- [WHAT NEEDS TO BE DONE] Below are some records. Return exactly the lines from the one with "Лото Мое первое лото: Времена года01358Лото" to the one with "Lunghezza Regolabile 190", and nothing else.

======== AVAILABLE RECORDS ========

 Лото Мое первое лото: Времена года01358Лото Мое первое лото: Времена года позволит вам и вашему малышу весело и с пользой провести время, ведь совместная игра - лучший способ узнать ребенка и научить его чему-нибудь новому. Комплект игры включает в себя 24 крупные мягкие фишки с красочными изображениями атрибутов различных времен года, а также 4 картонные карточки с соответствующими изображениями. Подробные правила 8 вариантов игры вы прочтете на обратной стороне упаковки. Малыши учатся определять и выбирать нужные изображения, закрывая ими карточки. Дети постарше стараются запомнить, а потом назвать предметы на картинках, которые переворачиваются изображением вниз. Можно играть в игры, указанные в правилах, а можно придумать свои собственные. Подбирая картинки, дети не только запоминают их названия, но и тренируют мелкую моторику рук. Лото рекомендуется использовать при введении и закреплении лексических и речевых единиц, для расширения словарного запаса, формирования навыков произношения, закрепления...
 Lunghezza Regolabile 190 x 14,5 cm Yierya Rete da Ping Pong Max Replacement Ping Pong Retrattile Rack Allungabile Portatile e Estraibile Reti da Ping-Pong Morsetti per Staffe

========
======== AVAILABLE RECORDS ========

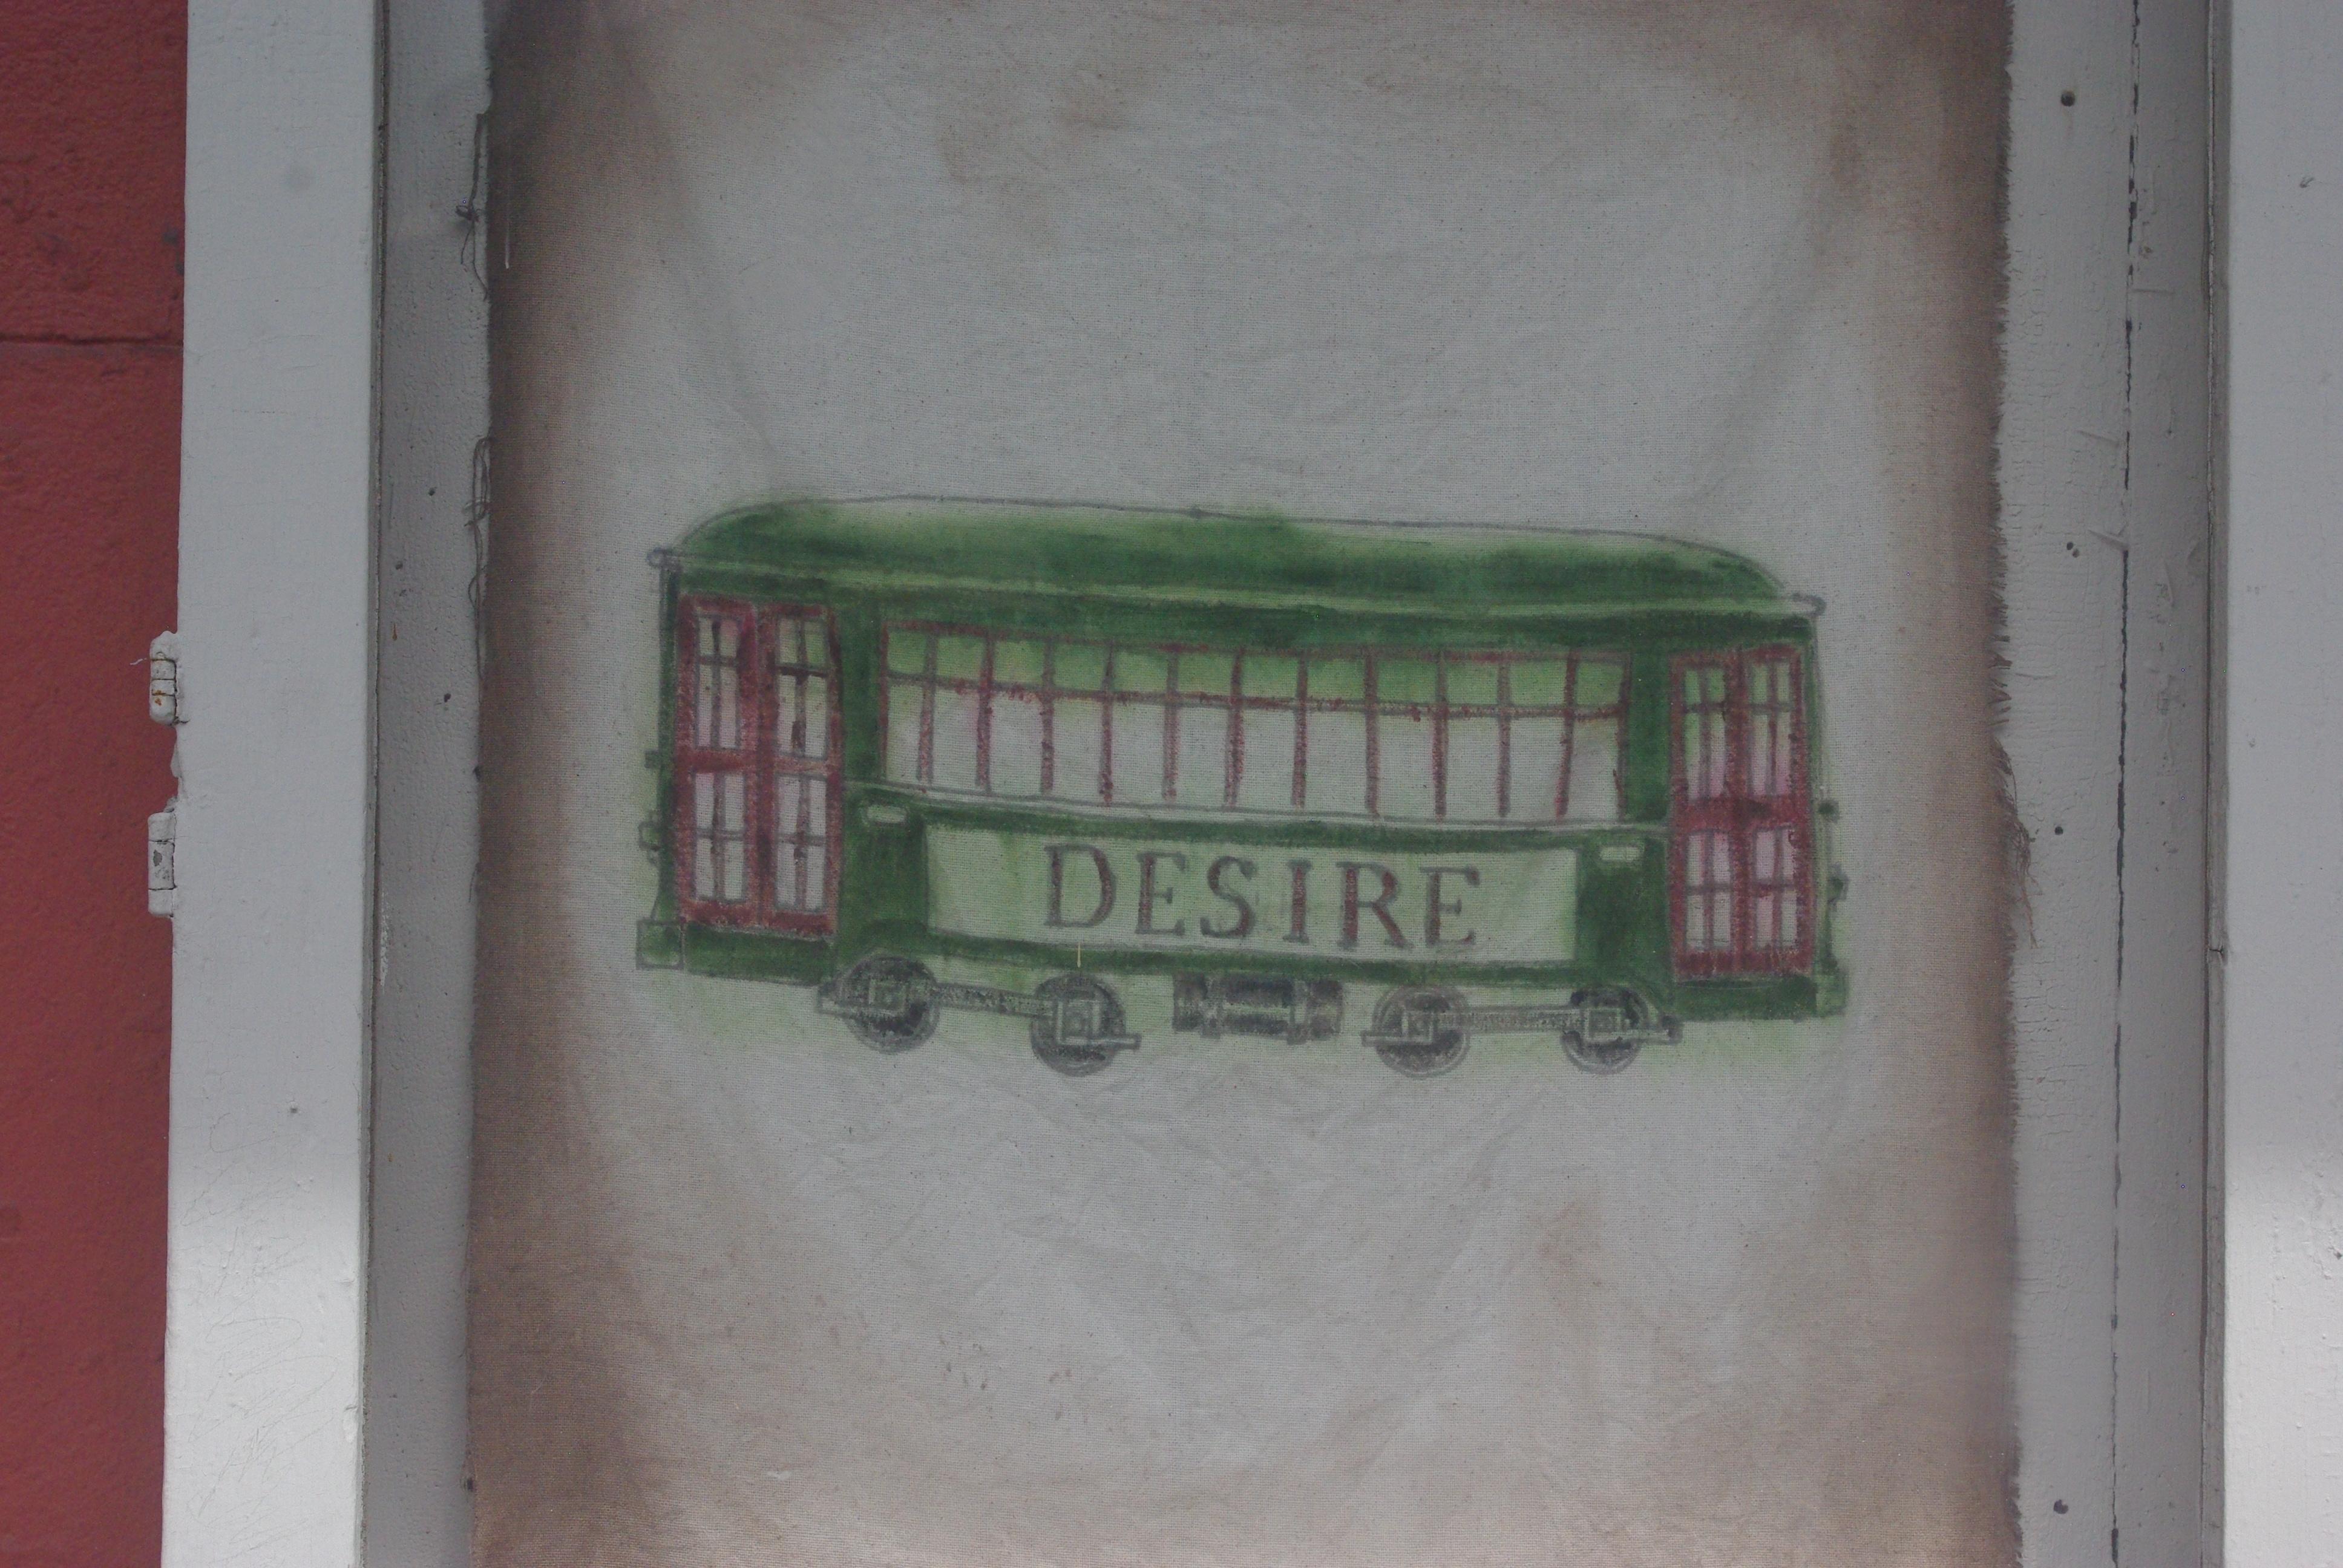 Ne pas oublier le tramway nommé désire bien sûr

========
======== AVAILABLE RECORDS ========

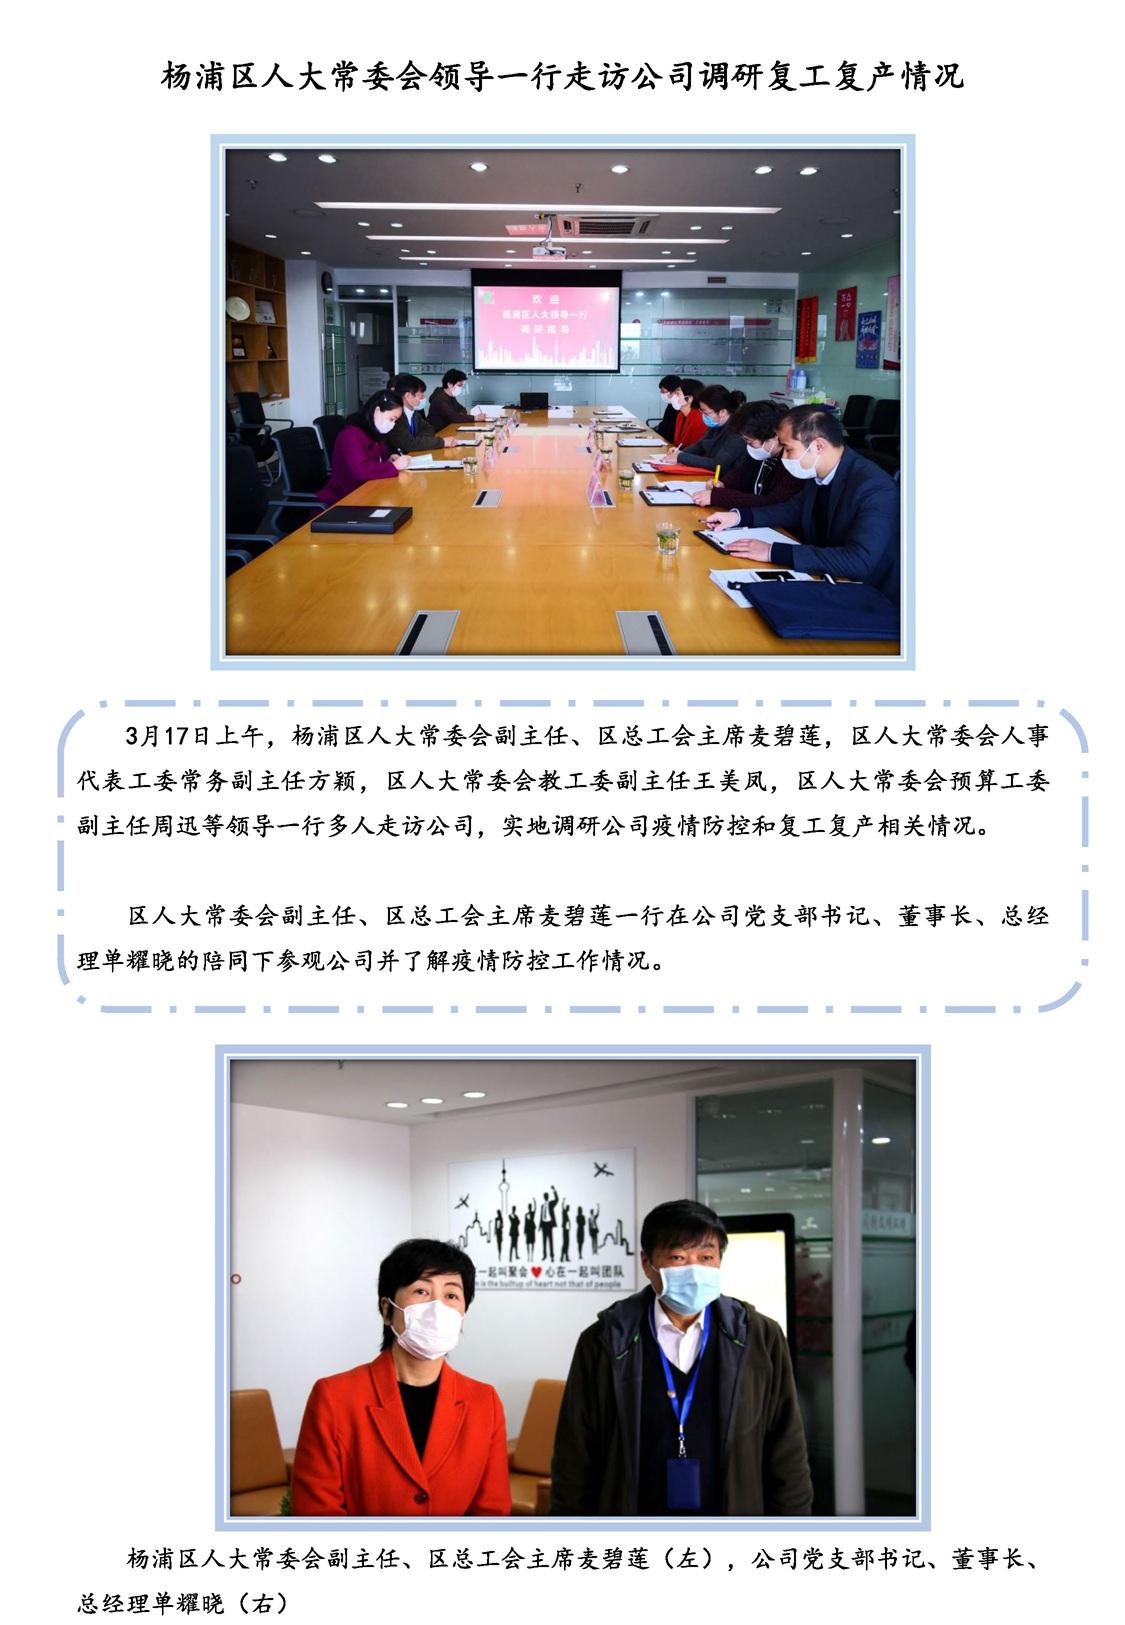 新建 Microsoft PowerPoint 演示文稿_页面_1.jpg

========

- [TASK SOLUTION]
 Лото Мое первое лото: Времена года01358Лото Мое первое лото: Времена года позволит вам и вашему малышу весело и с пользой провести время, ведь совместная игра - лучший способ узнать ребенка и научить его чему-нибудь новому. Комплект игры включает в себя 24 крупные мягкие фишки с красочными изображениями атрибутов различных времен года, а также 4 картонные карточки с соответствующими изображениями. Подробные правила 8 вариантов игры вы прочтете на обратной стороне упаковки. Малыши учатся определять и выбирать нужные изображения, закрывая ими карточки. Дети постарше стараются запомнить, а потом назвать предметы на картинках, которые переворачиваются изображением вниз. Можно играть в игры, указанные в правилах, а можно придумать свои собственные. Подбирая картинки, дети не только запоминают их названия, но и тренируют мелкую моторику рук. Лото рекомендуется использовать при введении и закреплении лексических и речевых единиц, для расширения словарного запаса, формирования навыков произношения, закрепления...
 Lunghezza Regolabile 190 x 14,5 cm Yierya Rete da Ping Pong Max Replacement Ping Pong Retrattile Rack Allungabile Portatile e Estraibile Reti da Ping-Pong Morsetti per Staffe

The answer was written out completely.